When a constant resistance-free voltage is applied during the fast charging, the initially applied voltage rises to a value limited only by the power supply. After the first few seconds, most of the overpotential is ohmic, and the current reaches ILIMIT. As the resistance decreases, the applied voltage decreases until other nonohmic polarizations (hNOP) become important at about a 40 or 50% SOC. The applied voltage VAPP, rises and maintains VAPP = VRF + IR from the point the current begins to fall. Then VAPP must also fall since VRF is constant. By choosing the applied voltage suitably, optimum charging rate is obtained, since the current remains at its maximum value for the longest time consistent with the desired charging efficiency and temperature rises.
The optimum value of VRF is not truly a constant but varies according to the acid concentration, kinetic and thermal characteristics of each battery in the pack.
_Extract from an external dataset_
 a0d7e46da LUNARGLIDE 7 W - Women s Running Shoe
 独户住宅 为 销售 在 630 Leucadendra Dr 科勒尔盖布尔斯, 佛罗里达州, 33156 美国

It is therefore a function of the SOC of the battery. The principle of charge control used here is an approximation to the ideal battery-charging algorithm. The algorithm accounts for the factors influencing the battery pack performance and compensates for them.
For an 85 to 90Ahr battery pack, a fast charge is applied at 8C to 9C. The current limit is set to 450A and is somewhat lower, and the value of VRF is 2.50V. The temperature compensation for the VRF is set to 6mV/°C/cell.